- Location: Arctic
- Coordinates: 72°26′N 25°0′W﻿ / ﻿72.433°N 25.000°W
- Ocean/sea sources: King Oscar Fjord Greenland Sea
- Basin countries: Greenland
- Max. length: 20 km (12 mi)
- Max. width: 6 km (3.7 mi)
- Settlements: 0

= Segelsällskapet Fjord =

Fjord in Greenland

Segelsällskapet Fjord (Segelsällskapets Fjord) is a fjord in King Christian X Land, eastern Greenland.

Administratively it lies in the Northeast Greenland National Park area. This fjord is part of the King Oscar Fjord system.
==History==
This fjord was named by Swedish Arctic explorer Alfred Gabriel Nathorst after the Kungliga Svenska Segelsällskapet, the Royal Swedish Yacht Club during the Swedish Greenland Expedition in search of survivors of S. A. Andrée's Arctic balloon expedition of 1897.

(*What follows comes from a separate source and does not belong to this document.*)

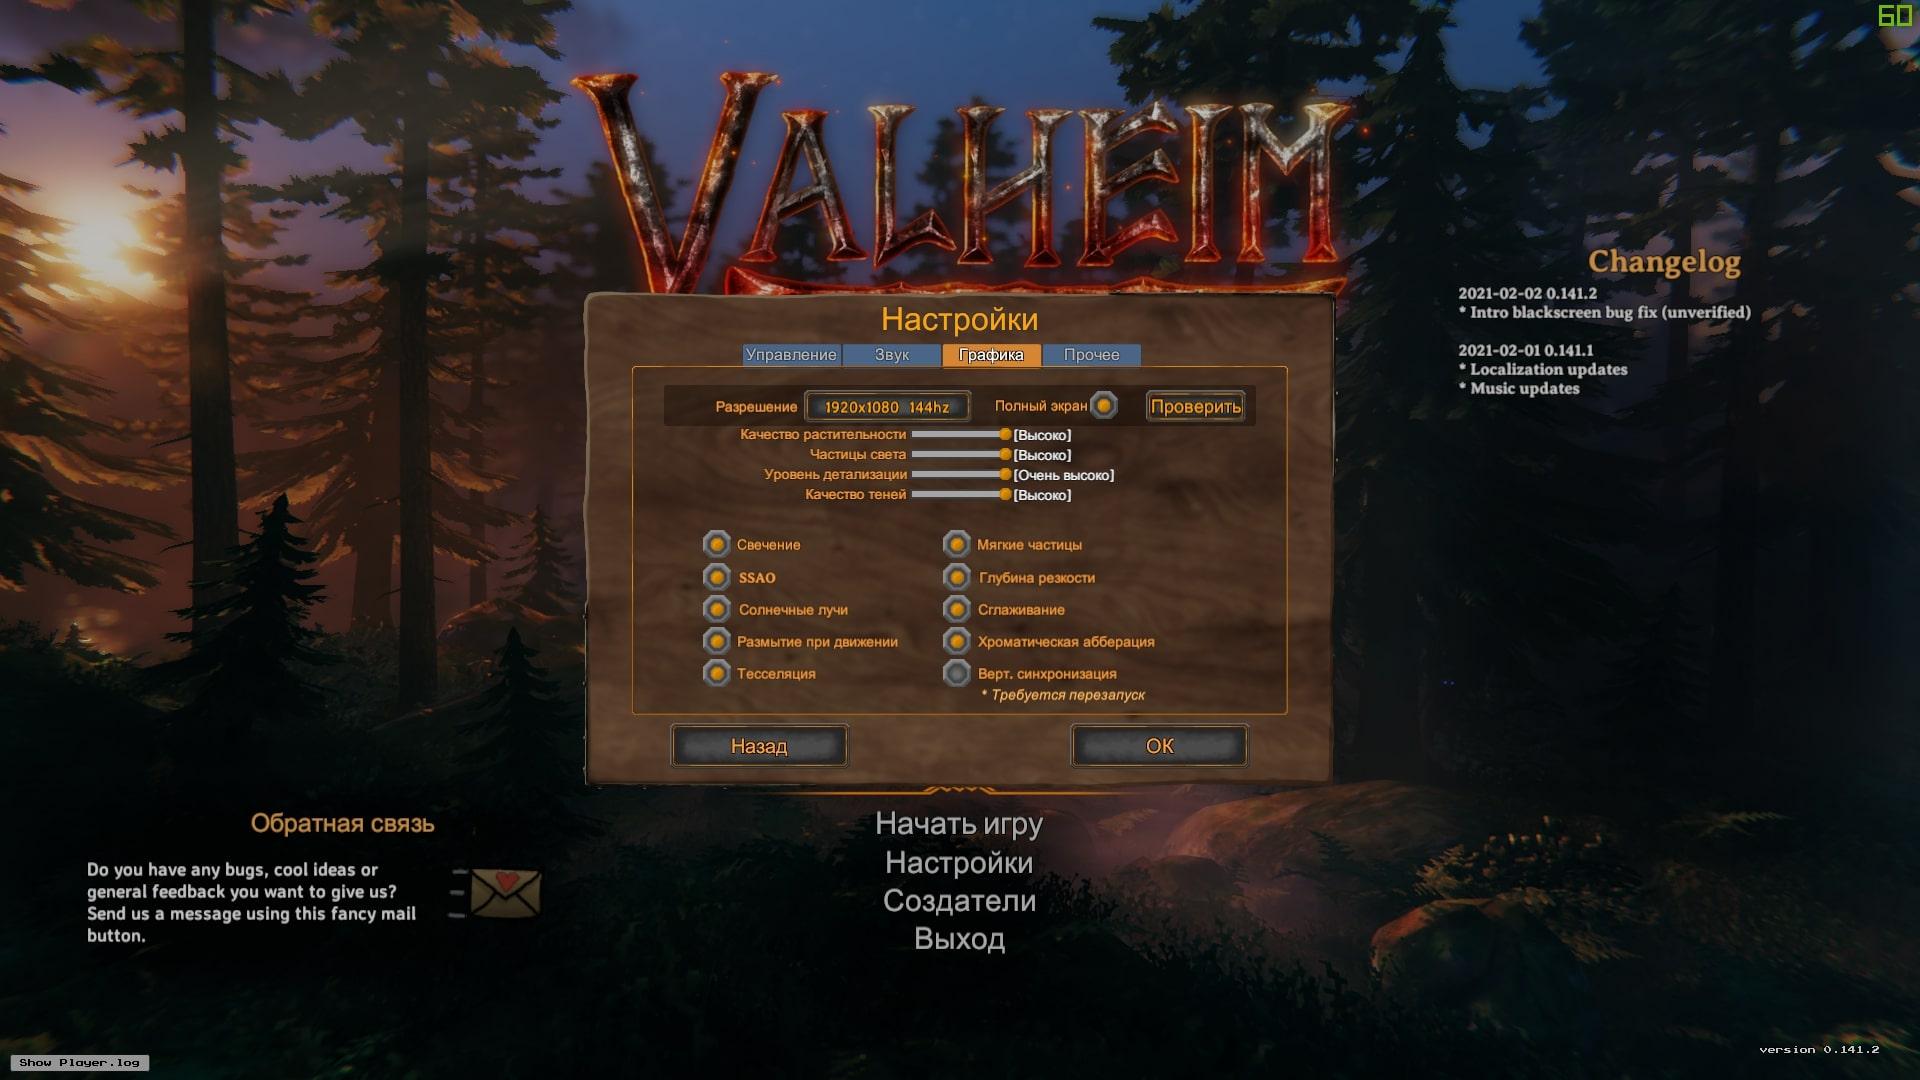 Valheim - решение технических проблем

In 1899, while first exploring King Oscar Fjord, Nathorst wanted to reach the sea through Davy Sound, which had been put on the map by William Scoresby in 1822, but the sound was blocked by ice. While travelling back north he found and mapped both this fjord branch, as well as the Kempe Fjord further north.

==Geography==
This fjord is one of the western branches of the King Oscar Fjord. Its mouth opens between Cape Petersons and Cape Lagerberg in an area of small islands. It extends roughly southwestwards for 20 km until Cape Maeche, the NE point of Nathorst Land, from where the Alpefjord branches southwards for 38 km, and the Forsblad Fjord continues roughly westwards for 32 km. The fjord is mostly surrounded by high mountains rising steeply from its shore to heights of over 2000 m. Part of its northern flank marks the southern boundary of Lyell Land and the eastern shore of Alpefjord the western limit of the Stauning Alps and Scoresby Land.

The Sedgwick Glacier, the Linné Glacier and the Skjoldunge Glacier have their terminus in the fjord.